» **Required work**: Output nothing except the lines from the one containing "Segurança Psicológica" through the final line of the data, both included, typed exactly, minus the pictures.

» **Supplied data**:
============================================================
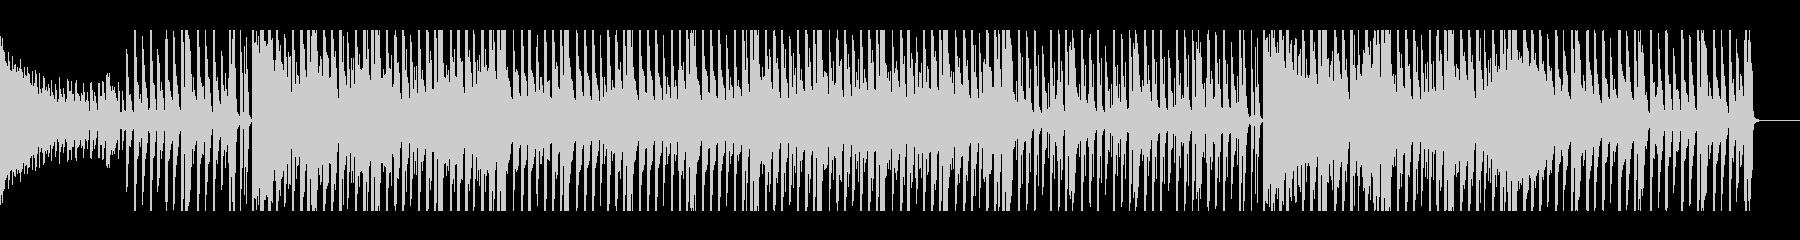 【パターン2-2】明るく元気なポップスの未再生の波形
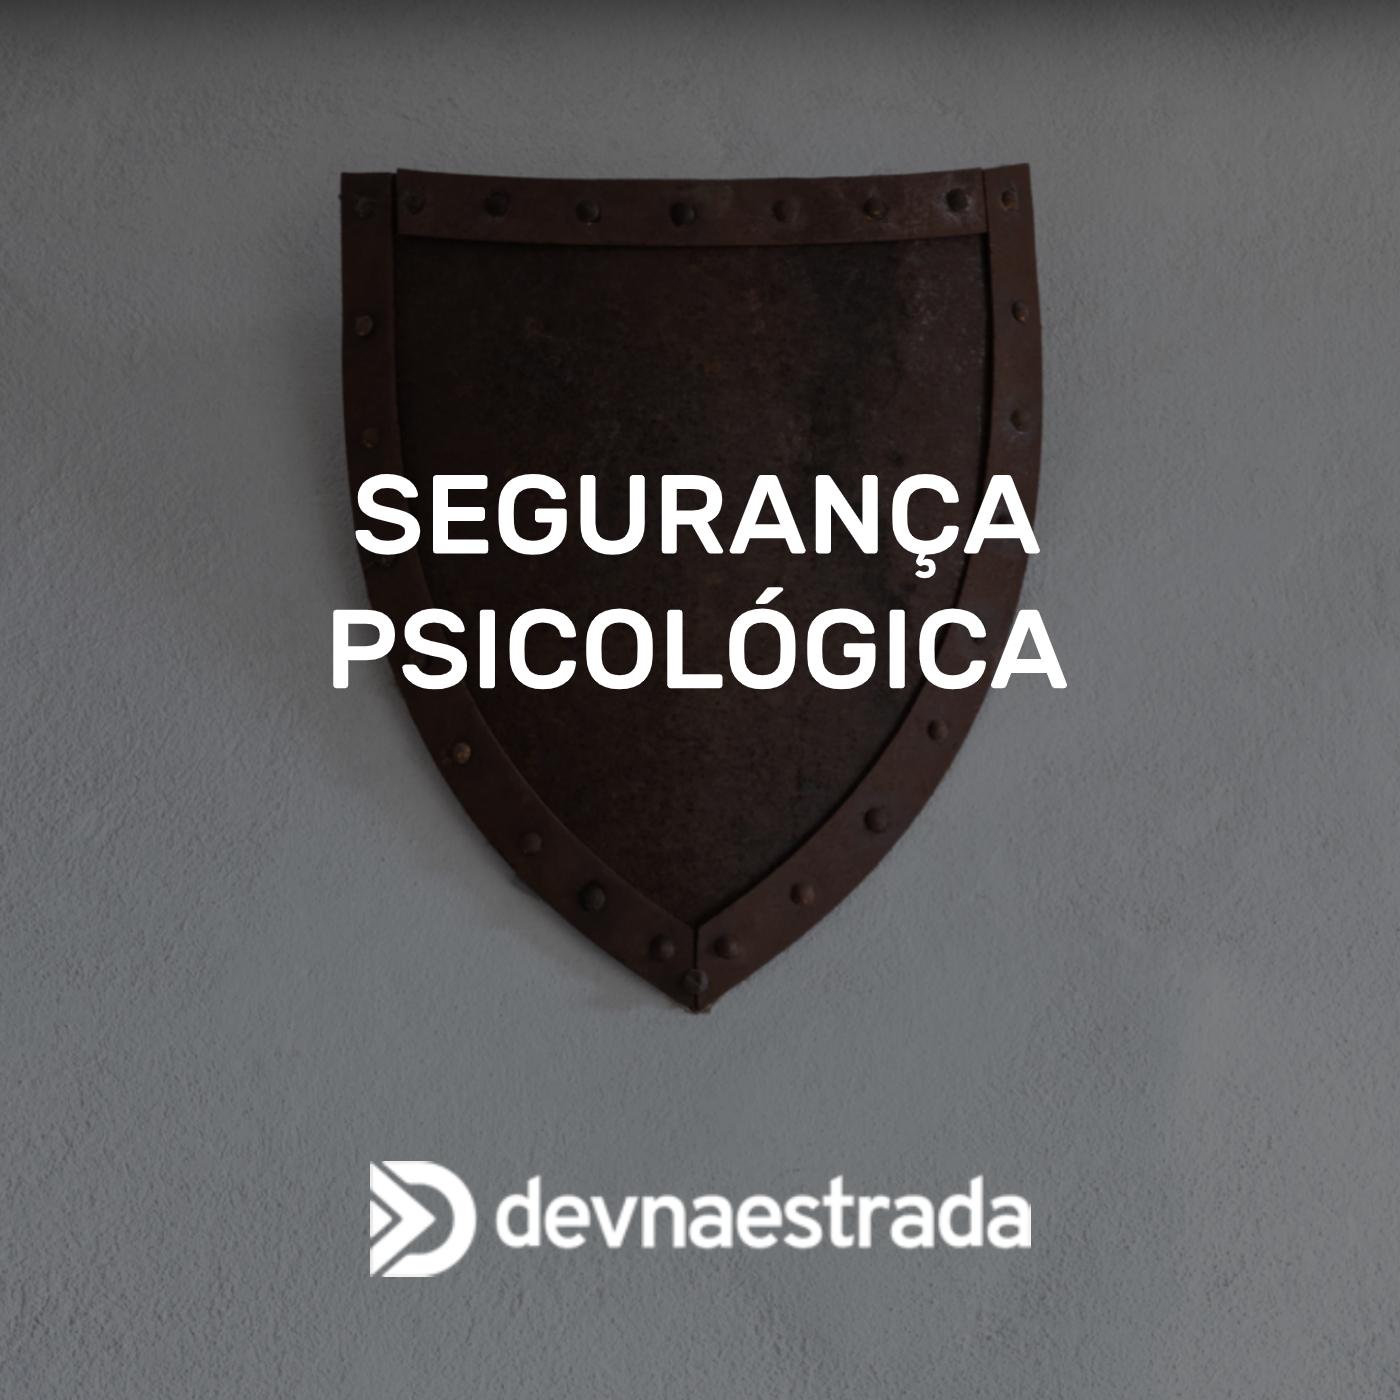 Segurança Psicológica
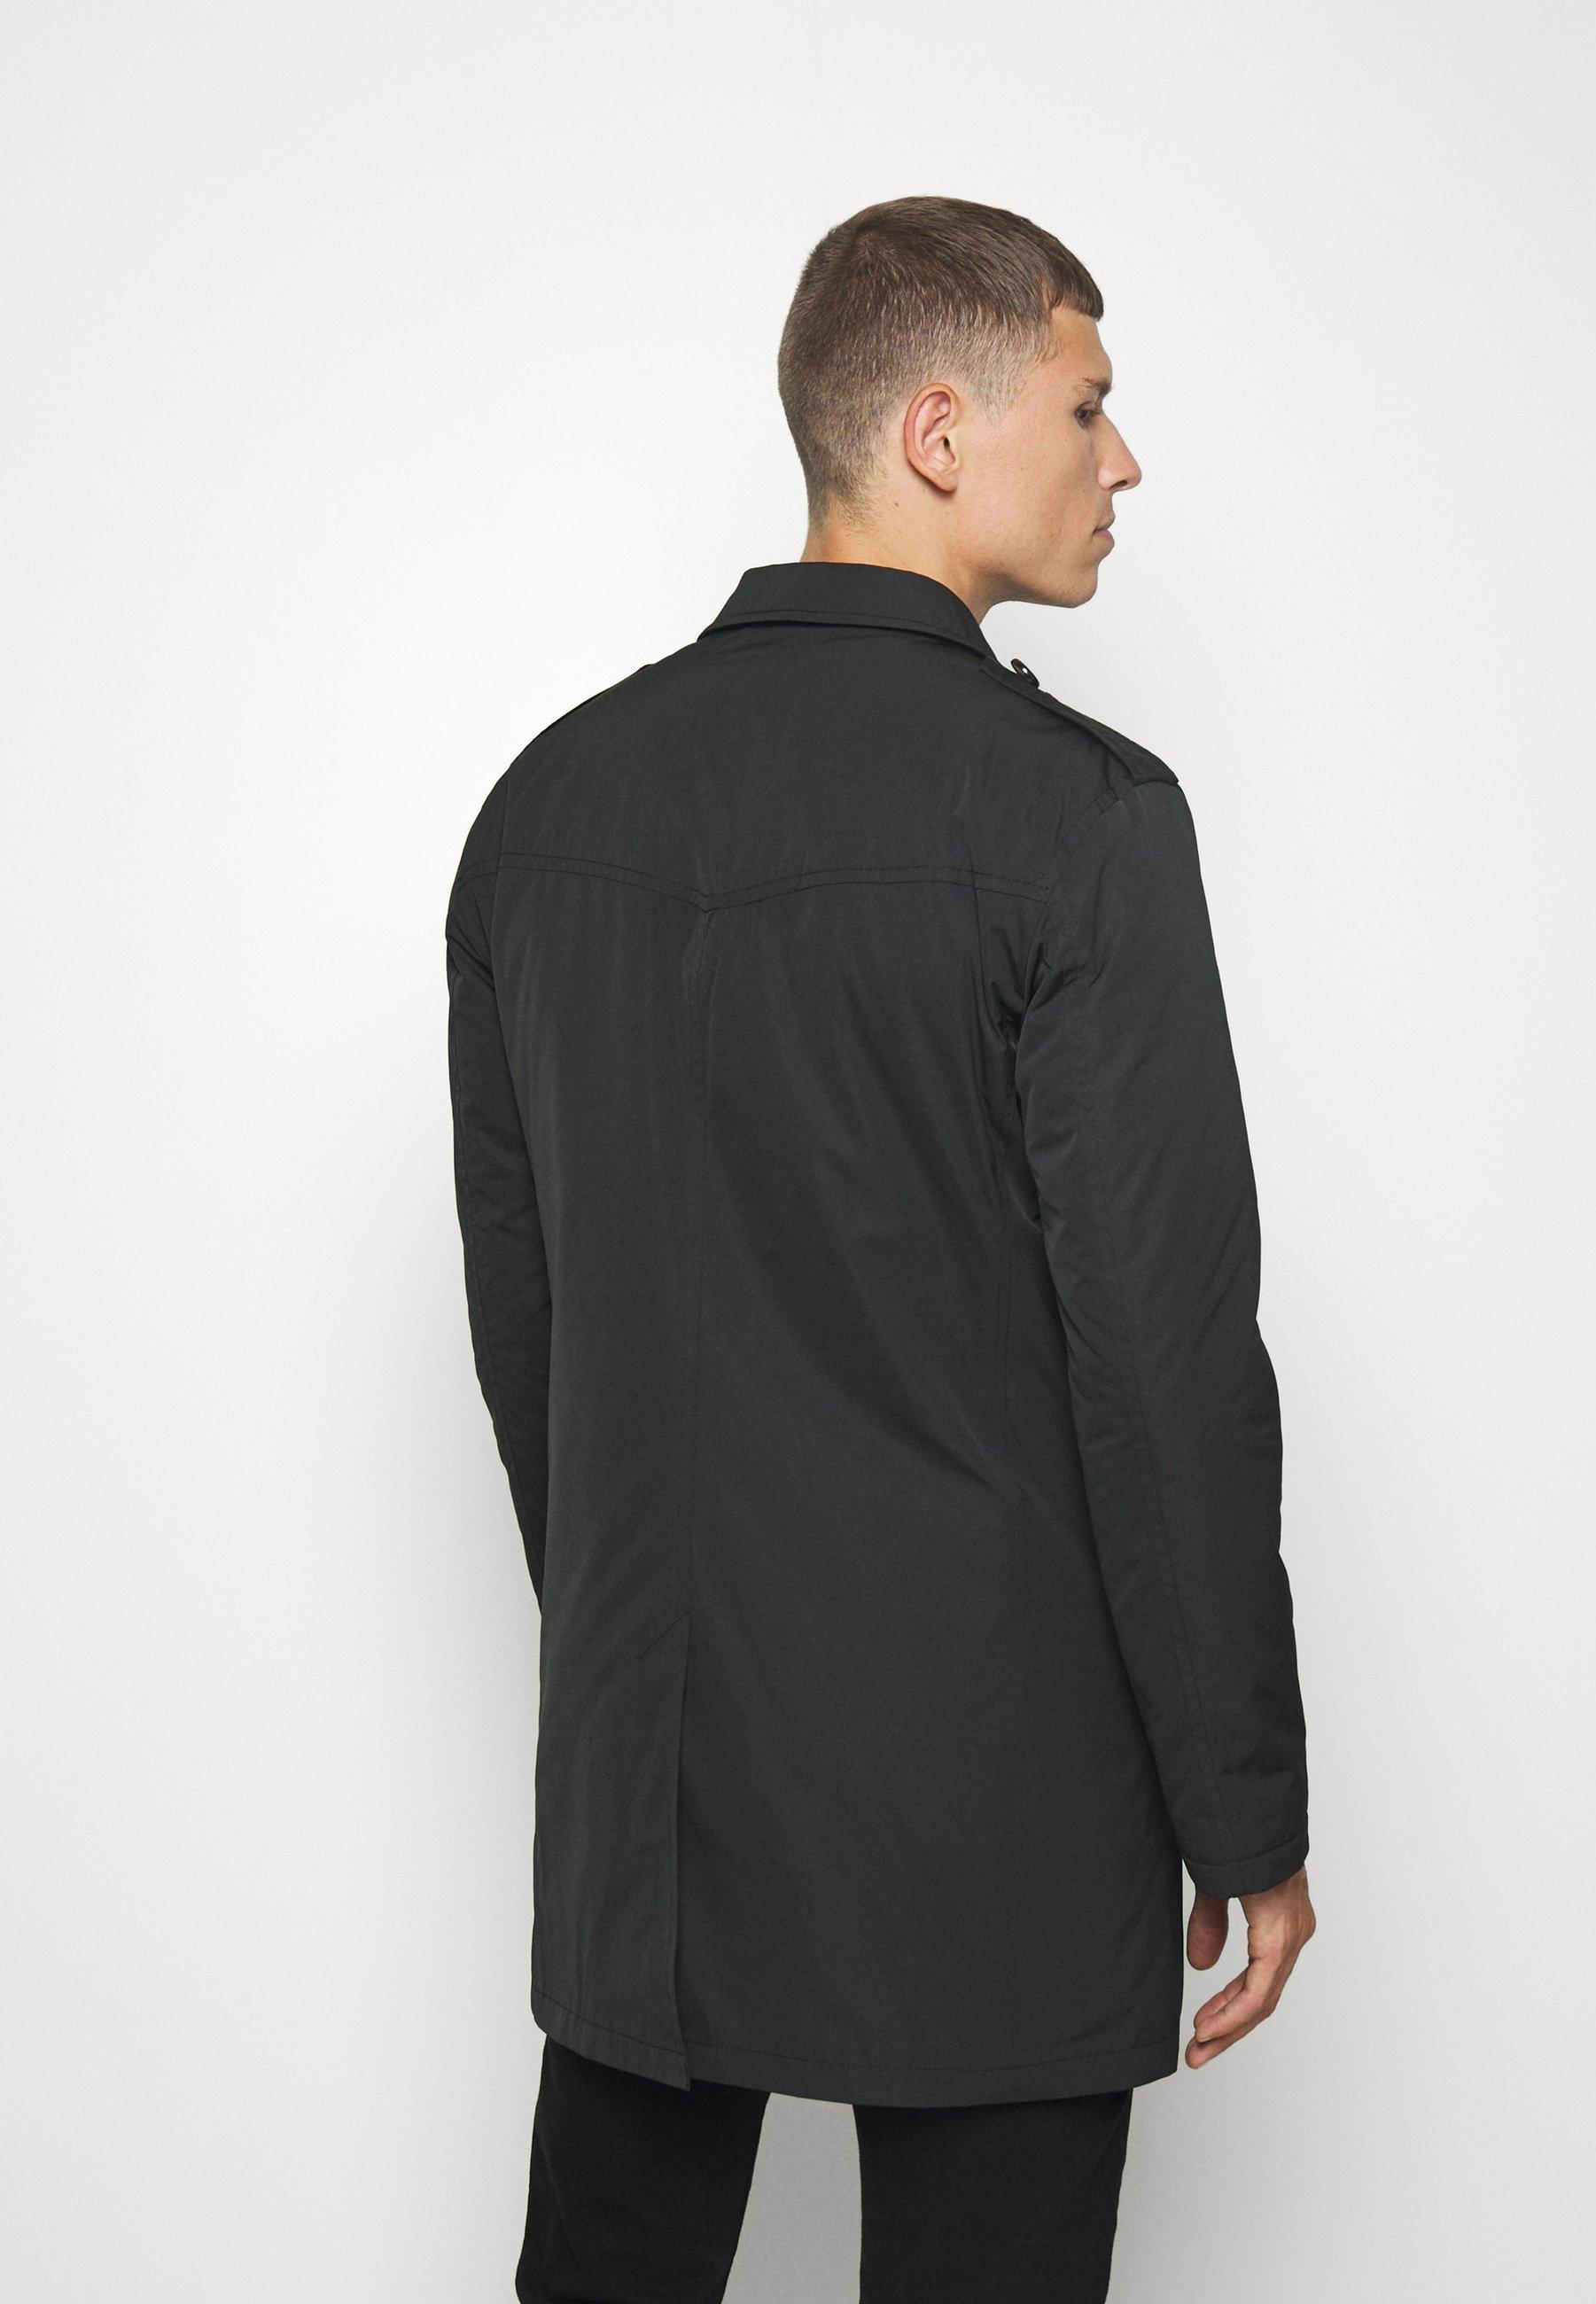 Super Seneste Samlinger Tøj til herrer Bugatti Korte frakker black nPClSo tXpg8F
============================================================
» **Reply to the task**:
 Segurança Psicológica
 Super Seneste Samlinger Tøj til herrer Bugatti Korte frakker black nPClSo tXpg8F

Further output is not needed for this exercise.